▽
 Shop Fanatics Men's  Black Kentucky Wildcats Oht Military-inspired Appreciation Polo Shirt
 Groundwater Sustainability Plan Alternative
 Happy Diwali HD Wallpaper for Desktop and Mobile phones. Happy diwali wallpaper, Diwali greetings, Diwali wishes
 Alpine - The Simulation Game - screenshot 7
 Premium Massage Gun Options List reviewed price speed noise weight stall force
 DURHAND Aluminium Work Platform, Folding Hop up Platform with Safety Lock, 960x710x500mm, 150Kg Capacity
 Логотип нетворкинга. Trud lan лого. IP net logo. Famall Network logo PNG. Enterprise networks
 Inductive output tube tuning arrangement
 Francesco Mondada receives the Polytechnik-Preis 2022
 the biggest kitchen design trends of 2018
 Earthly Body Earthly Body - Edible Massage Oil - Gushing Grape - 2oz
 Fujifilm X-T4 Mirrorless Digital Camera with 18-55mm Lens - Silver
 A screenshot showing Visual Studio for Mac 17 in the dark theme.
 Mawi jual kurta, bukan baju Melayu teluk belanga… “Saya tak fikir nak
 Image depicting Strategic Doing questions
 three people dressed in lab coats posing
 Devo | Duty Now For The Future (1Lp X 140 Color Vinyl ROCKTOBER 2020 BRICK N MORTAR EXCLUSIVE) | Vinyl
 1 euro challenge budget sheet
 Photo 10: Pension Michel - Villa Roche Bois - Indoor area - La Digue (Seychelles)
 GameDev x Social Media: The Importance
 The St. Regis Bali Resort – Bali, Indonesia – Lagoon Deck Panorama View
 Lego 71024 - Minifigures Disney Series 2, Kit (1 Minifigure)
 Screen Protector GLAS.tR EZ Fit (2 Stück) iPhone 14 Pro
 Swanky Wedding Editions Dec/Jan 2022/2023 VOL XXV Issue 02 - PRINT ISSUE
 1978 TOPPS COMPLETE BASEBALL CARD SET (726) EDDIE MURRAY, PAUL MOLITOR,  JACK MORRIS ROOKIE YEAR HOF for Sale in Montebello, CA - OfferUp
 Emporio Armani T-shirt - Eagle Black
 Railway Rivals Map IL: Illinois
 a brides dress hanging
△
All the records above need to be printed exactly.

 Shop Fanatics Men's  Black Kentucky Wildcats Oht Military-inspired Appreciation Polo Shirt
 Groundwater Sustainability Plan Alternative
 Happy Diwali HD Wallpaper for Desktop and Mobile phones. Happy diwali wallpaper, Diwali greetings, Diwali wishes
 Alpine - The Simulation Game - screenshot 7
 Premium Massage Gun Options List reviewed price speed noise weight stall force
 DURHAND Aluminium Work Platform, Folding Hop up Platform with Safety Lock, 960x710x500mm, 150Kg Capacity
 Логотип нетворкинга. Trud lan лого. IP net logo. Famall Network logo PNG. Enterprise networks
 Inductive output tube tuning arrangement
 Francesco Mondada receives the Polytechnik-Preis 2022
 the biggest kitchen design trends of 2018
 Earthly Body Earthly Body - Edible Massage Oil - Gushing Grape - 2oz
 Fujifilm X-T4 Mirrorless Digital Camera with 18-55mm Lens - Silver
 A screenshot showing Visual Studio for Mac 17 in the dark theme.
 Mawi jual kurta, bukan baju Melayu teluk belanga… “Saya tak fikir nak
 Image depicting Strategic Doing questions
 three people dressed in lab coats posing
 Devo | Duty Now For The Future (1Lp X 140 Color Vinyl ROCKTOBER 2020 BRICK N MORTAR EXCLUSIVE) | Vinyl
 1 euro challenge budget sheet
 Photo 10: Pension Michel - Villa Roche Bois - Indoor area - La Digue (Seychelles)
 GameDev x Social Media: The Importance
 The St. Regis Bali Resort – Bali, Indonesia – Lagoon Deck Panorama View
 Lego 71024 - Minifigures Disney Series 2, Kit (1 Minifigure)
 Screen Protector GLAS.tR EZ Fit (2 Stück) iPhone 14 Pro
 Swanky Wedding Editions Dec/Jan 2022/2023 VOL XXV Issue 02 - PRINT ISSUE
 1978 TOPPS COMPLETE BASEBALL CARD SET (726) EDDIE MURRAY, PAUL MOLITOR,  JACK MORRIS ROOKIE YEAR HOF for Sale in Montebello, CA - OfferUp
 Emporio Armani T-shirt - Eagle Black
 Railway Rivals Map IL: Illinois
 a brides dress hanging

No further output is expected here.